I mean, people who are Filipino are Filipino. I am not. That's fine. I am a white person from New York who has lived in the Philippines and speaks Tagalog. I can tell you about the experiences that led me to this point in my life where the Philippines is a major part of who I am, but it still does not make me Filipino.

rafe bartholomew's pacific rims
Beloved object!

I encounter a lot of people who will say in a really complimentary way, parang kang Pilipino (you’re like a Filipino) or mas Pilipino ka kesa sa mga ibang whatever (you’re more Filipino than others). I'm not going to go out of my way to correct people because to me, that's rude, but I don't encourage it, and I just sort of nod and smile and let it pass, or even people saying like, you know, pusong Pinoy ka (you have the heart of a Filipino), you know, stuff like that.

Again, I'm proud of the experiences I've had, the fact that I've been able to assimilate. But also, it’s a shame that it's so remarkable that at the level that I've achieved, people are that impressed.

I'm aware that I get a level of encouragement and just, I don't know, affection, that I wouldn't get if I wasn't a big white American guy. I can't change that.

But I guess the way that I make my peace with that is, you know, by being humble about it, trying never to take advantage of it in any way, and also trying to make sure that things that have benefited me about the expertise and the work I've done in the country also benefit people actually living there.  

I am proud that on both Pinoy Hoops and Hoop Nation for CNN, I was the only foreign part of those productions. Everyone else, the directors, the producers, the cinematographers, everyone else, it was a completely local crew.  


‘Meet people in their own words’

Do you have any advice for people looking to build a connection with a new place?

My advice would just be to follow something that you are into, whether it's something you already care about—for me, that was basketball—whether it's something that you discover when you're in another country, like some sort of passion to do frequently that's going to introduce you to a community, and then the rest can kind of fall into place.  

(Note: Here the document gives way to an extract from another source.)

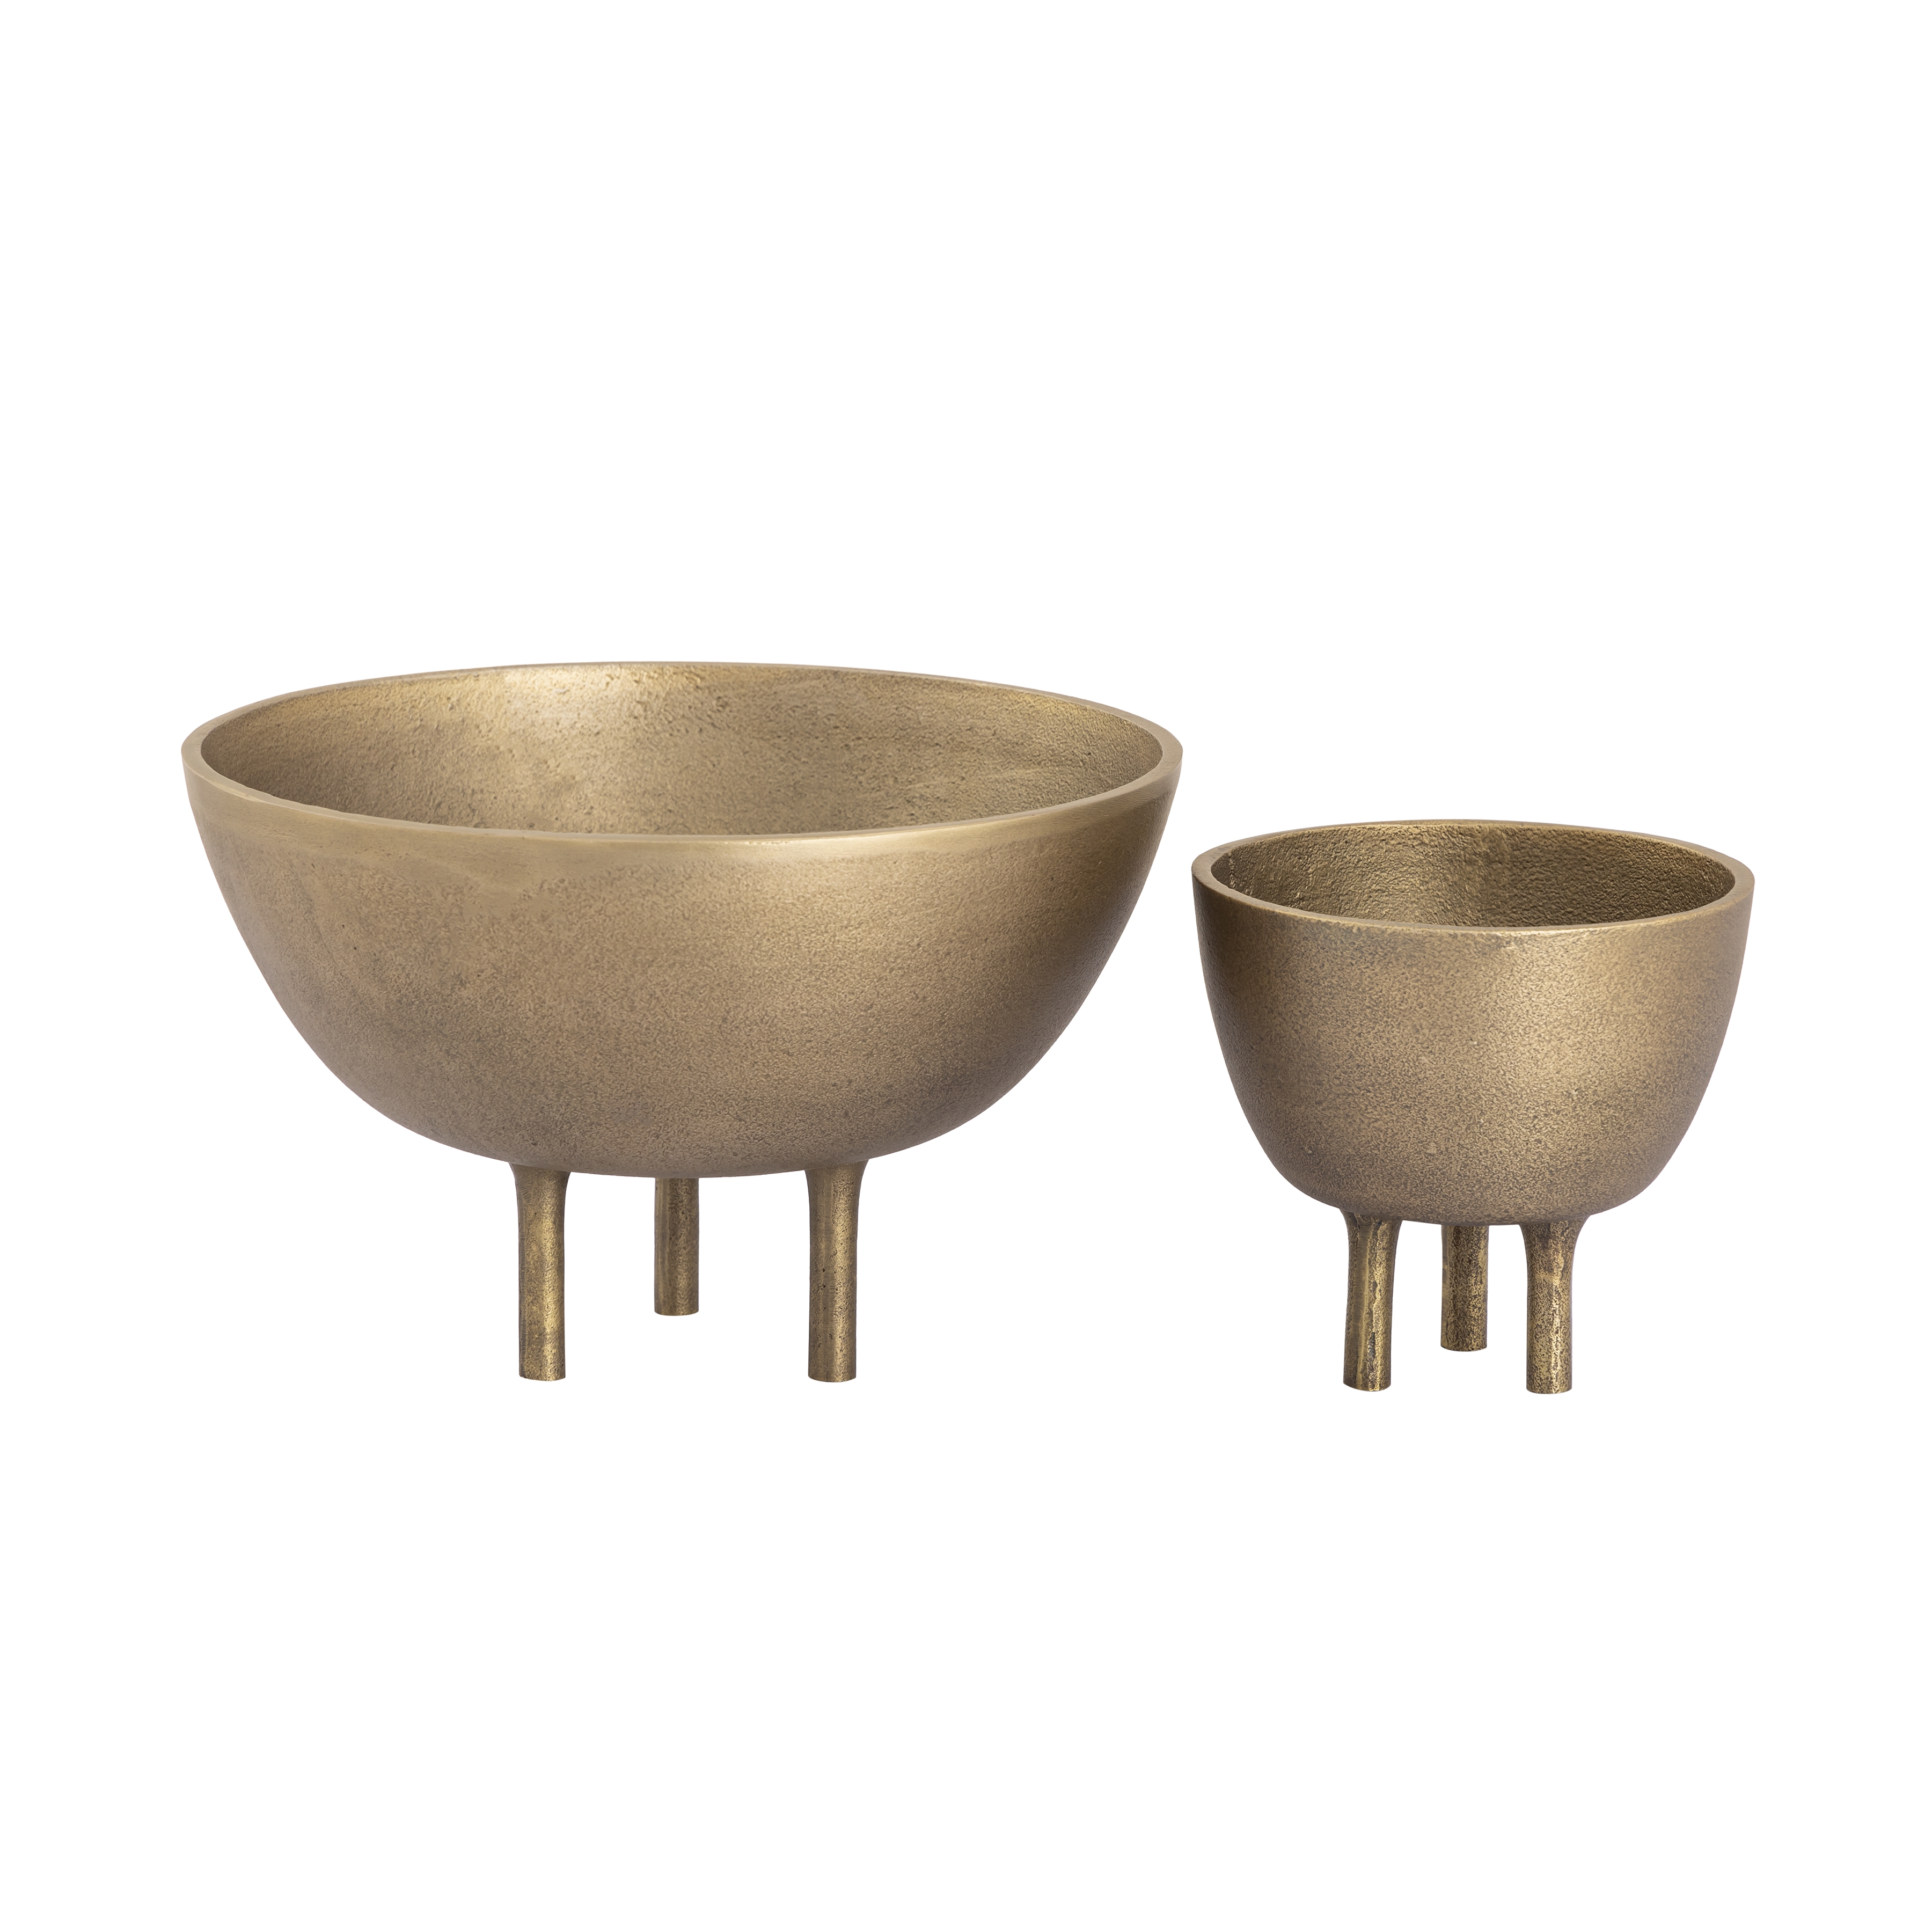 Kiser Bowl - Small Brass - Image 2

For me, it was very important to ride public transportation and see different sides of of Manila, both from the more upper class sides to life on the corners, like making tagay with tricycle drivers in Loyola Heights and Pansol, but that's not necessarily the answer for everyone.  

Rafe with Tomas “Mang Tom” Urbano, former statkeeper and practice referee of the Alaska Aces, and his family, in 2012. Mang Tom and his wife ran a karinderia, “where Tom taught me to eat papaitan like a man,” Rafe wrote on Instagram.

And this is the other great luxury: having the time to do it, like, if you're only going to be somewhere for three weeks, you’re shit out of luck in turning those terms right? If you do get the opportunity to live there for a long time, be open to as much as possible.  

The other important thing is if you have the time, study the language. Even in a place like the Philippines, where a lot of people will say you don't need to learn it because almost everyone will understand you speaking English.  

And hire a tutor. We're all cheap. Everybody wants to go, oh man, I can just get Rosetta Stone—nobody uses that anymore, but whatever AI bullshit people use to learn language. Yeah, it's easier that way, but it doesn't work. Get a real teacher. You gotta study.  

It's worth going, putting in that extra effort and investment and time and money to be able to meet people in their own words, on their own terms. Certainly it changes the way that people respond to me and are excited to talk to me. That's been more important than anything else for me.


That’s it from me. Big thanks to Rafe Bartholomew aka Paeng.

Till Sunday again,

Juliana


  1. “As good as [Jacob and Mikey] are, Mike was a whole different thing in college. Like a transformational player for the entire sport in Manila, not just LaSalle.” ↩

  2. Filipino spaghetti is sweet and hot dog-laden and delicious. ↩

  3. A popular Filipino variety show Rafe ended up on. Some years later, he appeared on another variety show called Eat Bulaga! and I feel the need to insert this gif of the appearance. ↩

    “These little rituals of mass humiliation mean something in the Philippines,” Rafe wrote about his televised dance moves, and he was right.